Nature volume 431pages 205–211 (2004)Cite this article

Abstract

Transforming growth factor β (TGF-β) is a pluripotent cytokine that controls key tumour suppressive functions1,2,3, but cancer cells are often unresponsive to it1,4. The promyelocytic leukaemia (PML) tumour suppressor of acute promyelocytic leukaemia (APL) accumulates in the PML nuclear body, but cytoplasmic PML isoforms of unknown function have also been described5,6. Here we show that cytoplasmic Pml is an essential modulator of TGF-β signalling. Pml-null primary cells are resistant to TGF-β-dependent growth arrest, induction of cellular senescence and apoptosis. These cells also have impaired phosphorylation and nuclear translocation of the TGF-β signalling proteins Smad2 and Smad3, as well as impaired induction of TGF-β target genes.

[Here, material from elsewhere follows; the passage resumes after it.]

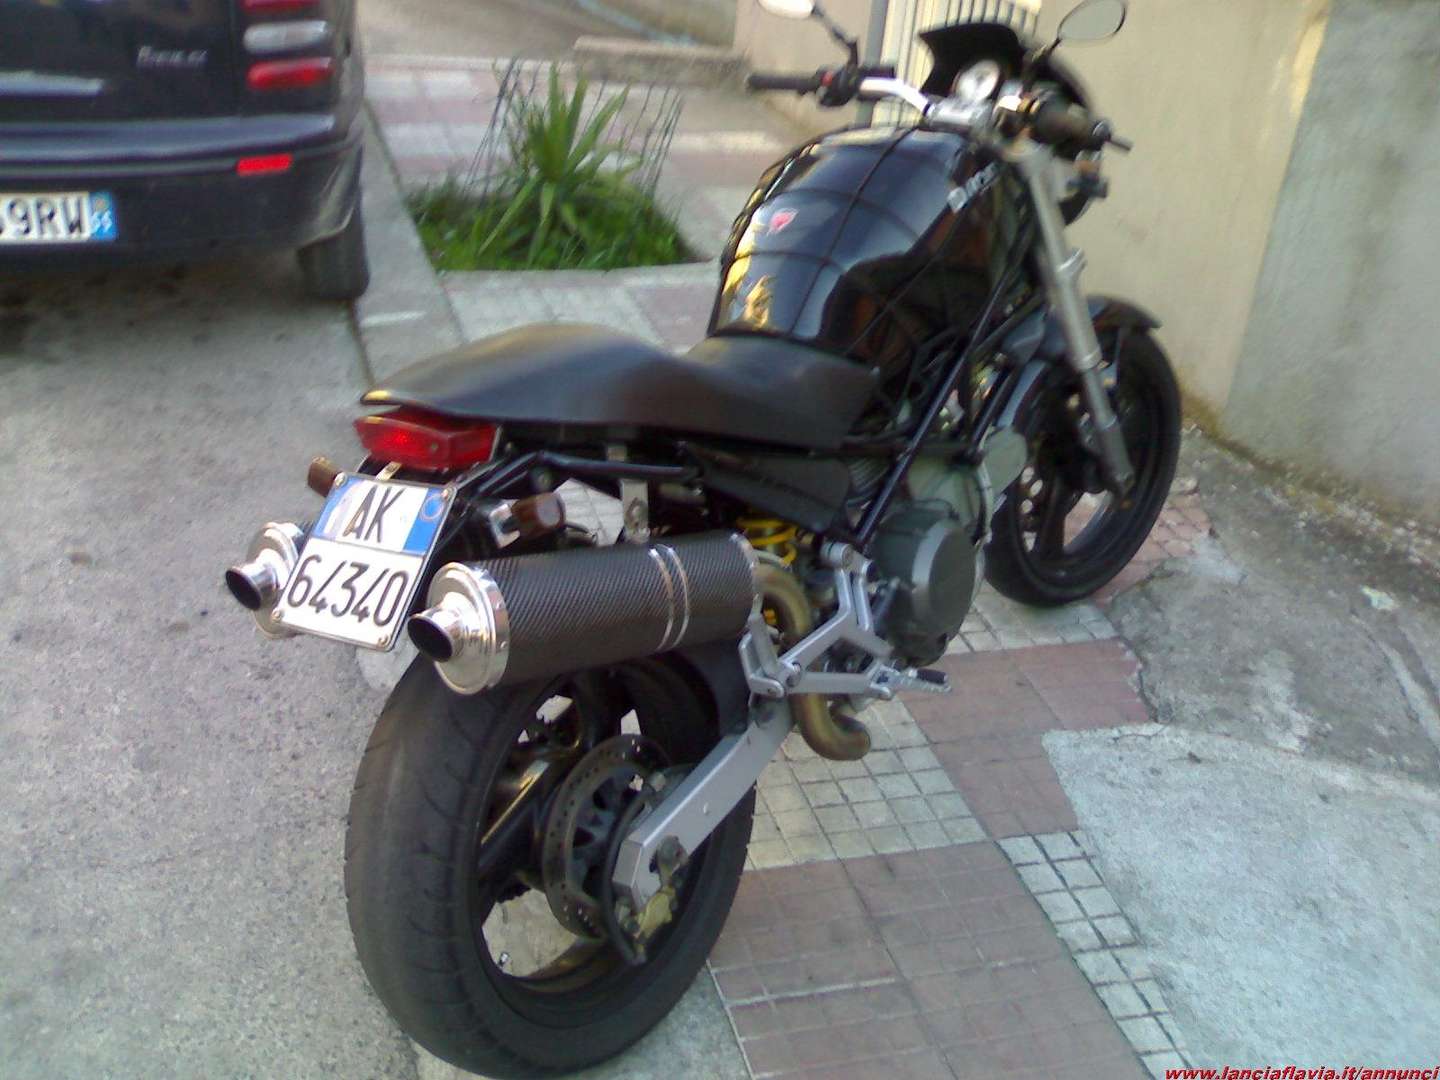 Ducati_Monster_600

Expression of cytoplasmic Pml is induced by TGF-β. Furthermore, cytoplasmic PML physically interacts with Smad2/3 and SARA (Smad anchor for receptor activation) and is required for association of Smad2/3 with SARA and for the accumulation of SARA and TGF-β receptor in the early endosome. The PML–RARα oncoprotein of APL can antagonize cytoplasmic PML function and APL cells have defects in TGF-β signalling similar to those observed in Pml-null cells. Our findings identify cytoplasmic PML as a critical TGF-β regulator, and further implicate deregulated TGF-β signalling in cancer pathogenesis.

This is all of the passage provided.